The New Atheists’ hubris goes beyond misstatements of scientific conclusions. They assume, Aczel writes, that science can explain the unexplainable. “Science has severe limitations when it comes to determining the existence of God…there are always facts within any mathematical structure that will remain forever outside our understanding.”

In a chapter titled “Engaging the Infinite,” Aczel tells how mathematicians have investigated the concept of infinity. The “continuum hypothesis” attempted to understand space and its infinitely many points, but logician Kurt Godel demonstrated mathematically that it is impossible to prove or disprove this hypothesis. Moreover, Godel’s work showed mathematically that “some truths about infinity can never be known to us.” Aczel, himself a mathematician, emphasizes that this is not a hypothesis but a proven statement, accepted as true by all mathematicians.

Why Science Does Not Disprove God contains a bibliography, notes with sources for the quotations, and a list of 35 authorities interviewed by the author. The list includes many scientists, plus a few theologians. Aczel writes little in the book about religion, but he emphasizes that he respects faith and considers both spirituality and science to be integral parts of the search for truth and meaning. 

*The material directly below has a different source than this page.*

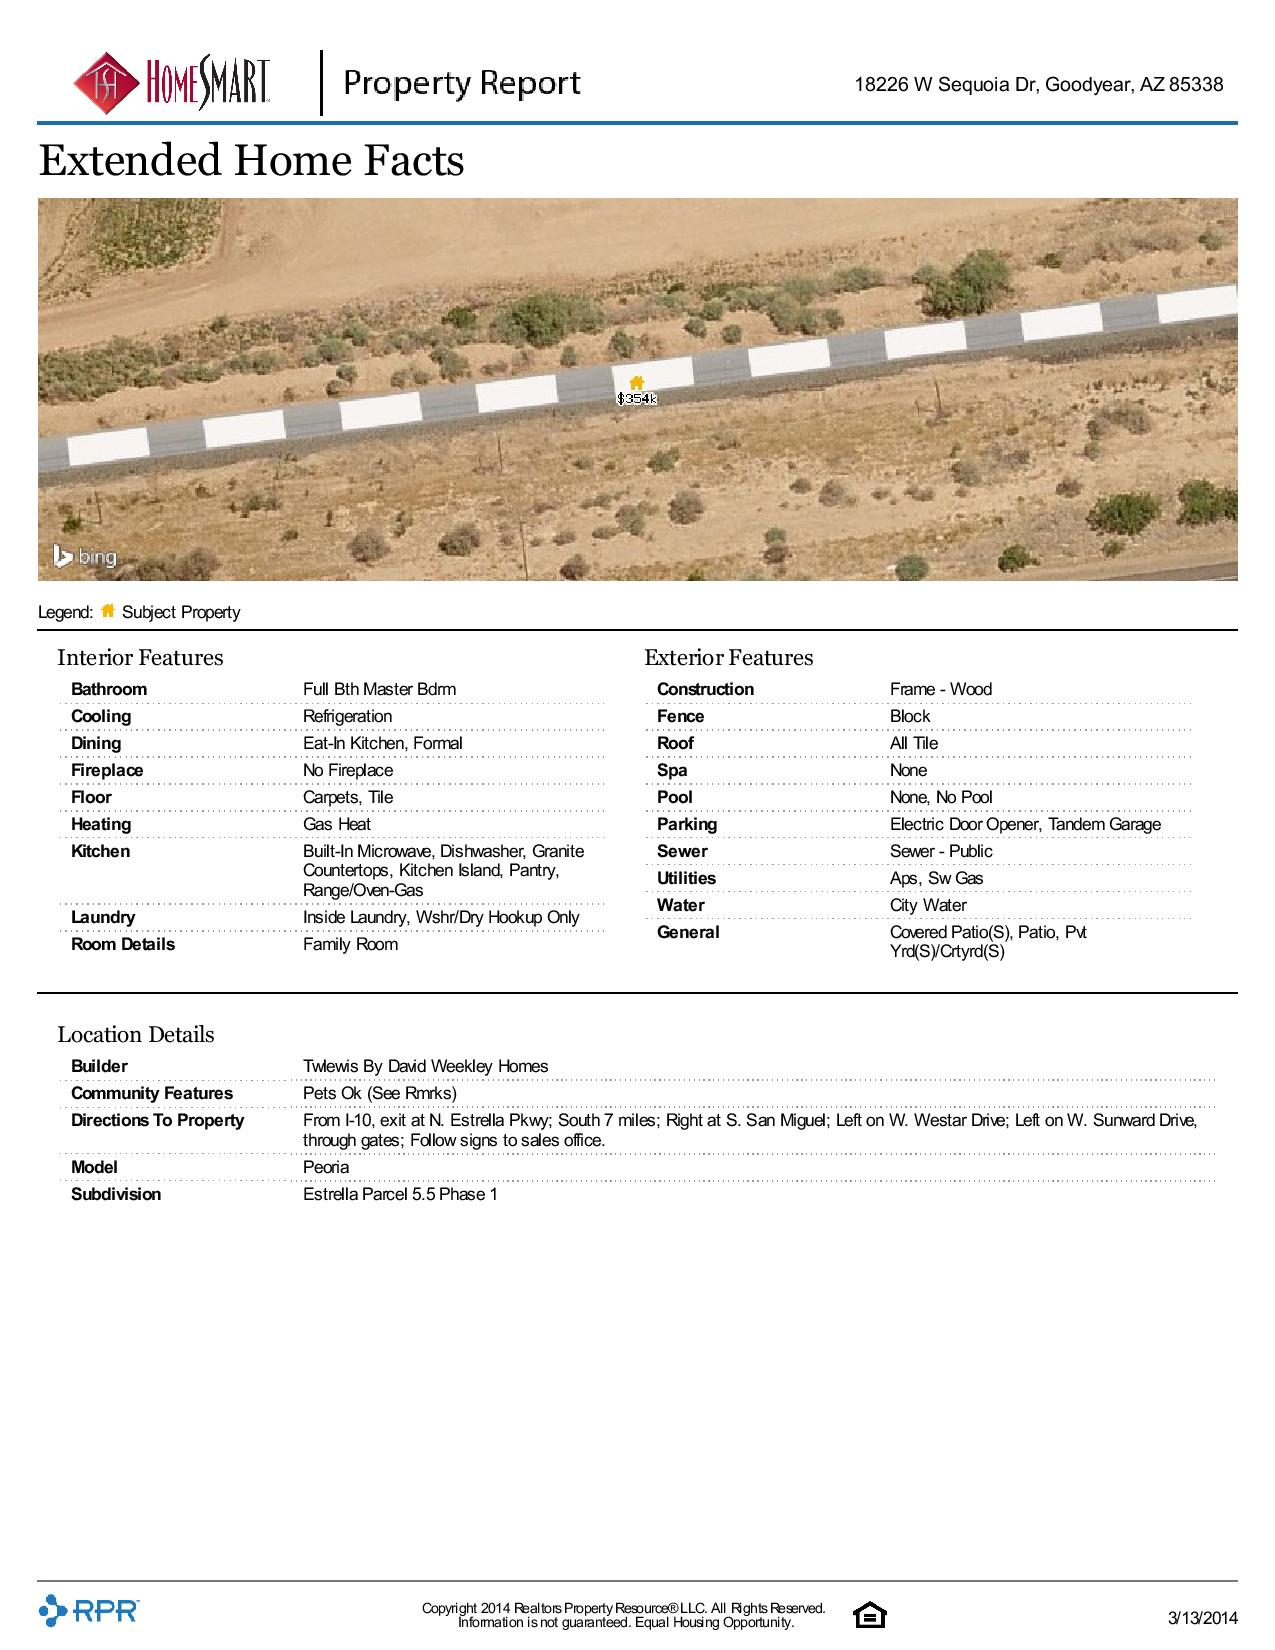 18226-W-Sequoia-Dr-Goodyear-AZ-85338-page-004
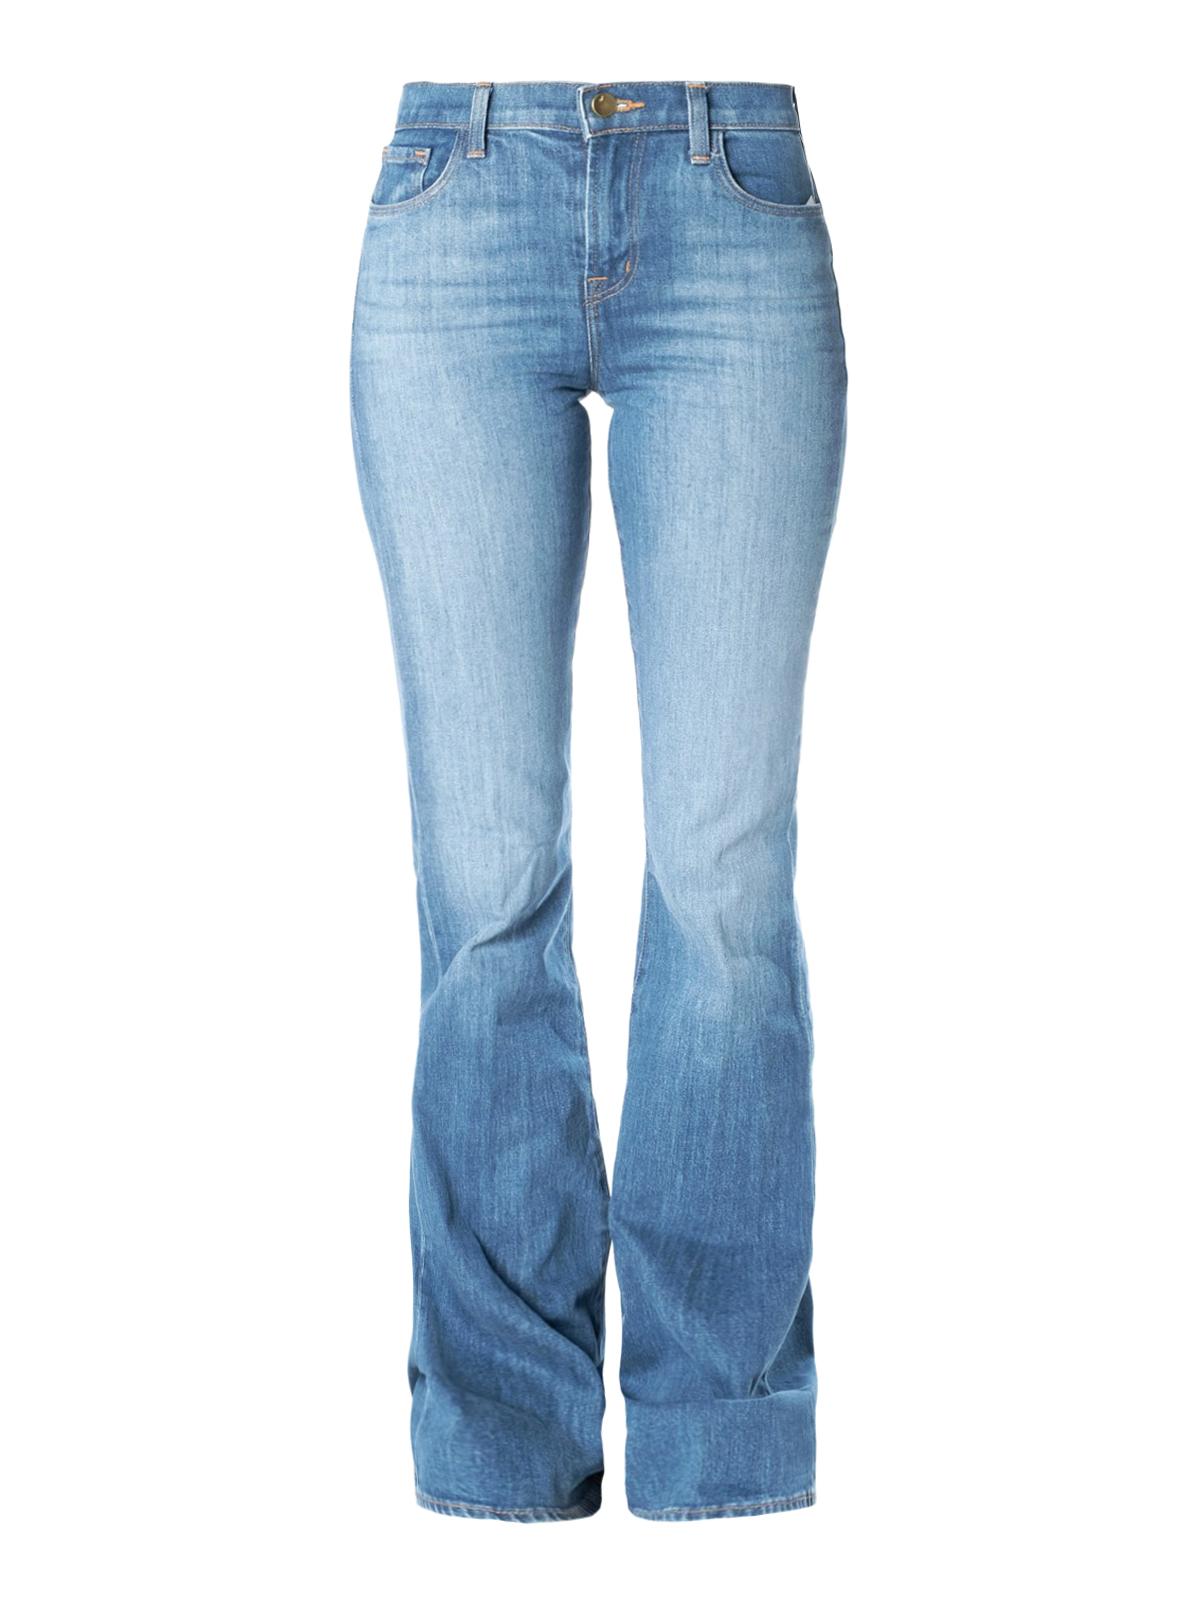 J Brand Faded Denim Bootcut Jeans In Medium Wash

In the concluding chapter, Aczel reminds readers that his purpose was not to prove the existence of God, but to argue that science has not disproved God’s existence. Science has not answered the New Atheists’ question, “If God made the universe, who made God?” Not being able to answer that question does not prove that God does not exist. Instead, it may mean that the question of who “created God” is outside the capacity of science and mathematics to answer. “We do know that the universe did not come out of the void all by itself: something preceded the Big Bang, and that “something” is unreachable to our science and may well remain so forever.”

Aczel wants to caution all who, like the New Atheists, would pursue the truth by “zealous agenda.” Real science, he asserts, does not engage in righteous attacks. Real science does not overreach. And real science needs no false claims made on its behalf as it works to illuminate the mysteries of our world.

Ann White is the retired chairwoman of the history department of the Edmund Burke School in Washington, DC. She holds a Ph.D. in Far Eastern history from the University of Pennsylvania.